We dream the American dream, dream of places we will visit, things we will build, the schools our children will attend. We talk about the quality of our crops and speculate about next years possibilities just like other farmers throughout our country, history, time…. with one exception this crop is illegal. How strange, to imagine it illegal to grow a plant. But this group of farmers seem used to the idea of persecution. They remain, poised, waiting wondering who will go down and when; how extensive will the punishment be and how expensive the retrieval.

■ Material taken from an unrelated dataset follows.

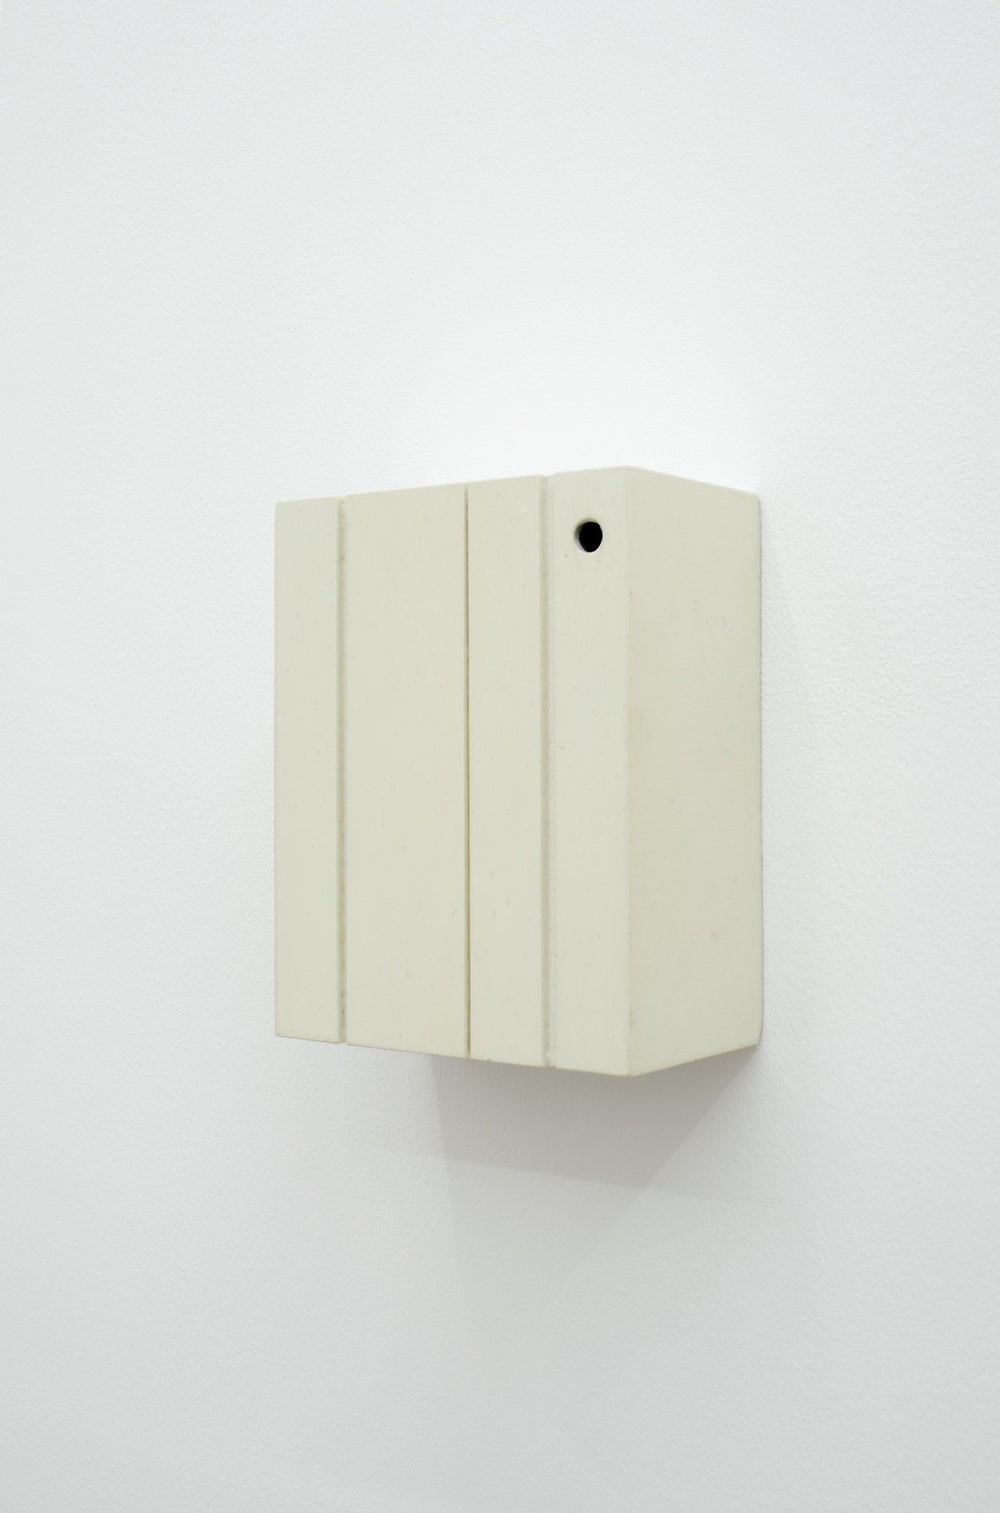 Blob Discovery , 2014, PVC, acrylic paint, lacquer, 13 x 16.5 x 7.5. cm.

Still, I think this is a magical moment in history. Medicinal marijuana is becoming legal. With wavering rules and regulations, and unclear stipulations growing, and some types of consumption are becoming decriminalized. The underground faction of ganja cultivation is buzzing, one of the only industries that isn’t corporate. Small, single person and family owned farm operations catch the enchantment of old times, the warm supportive attitude of community. What will happen when /if marijuana cultivation becomes truly legal? Will it go the way of tobacco, alcohol, and food production? Now that really would be a crime.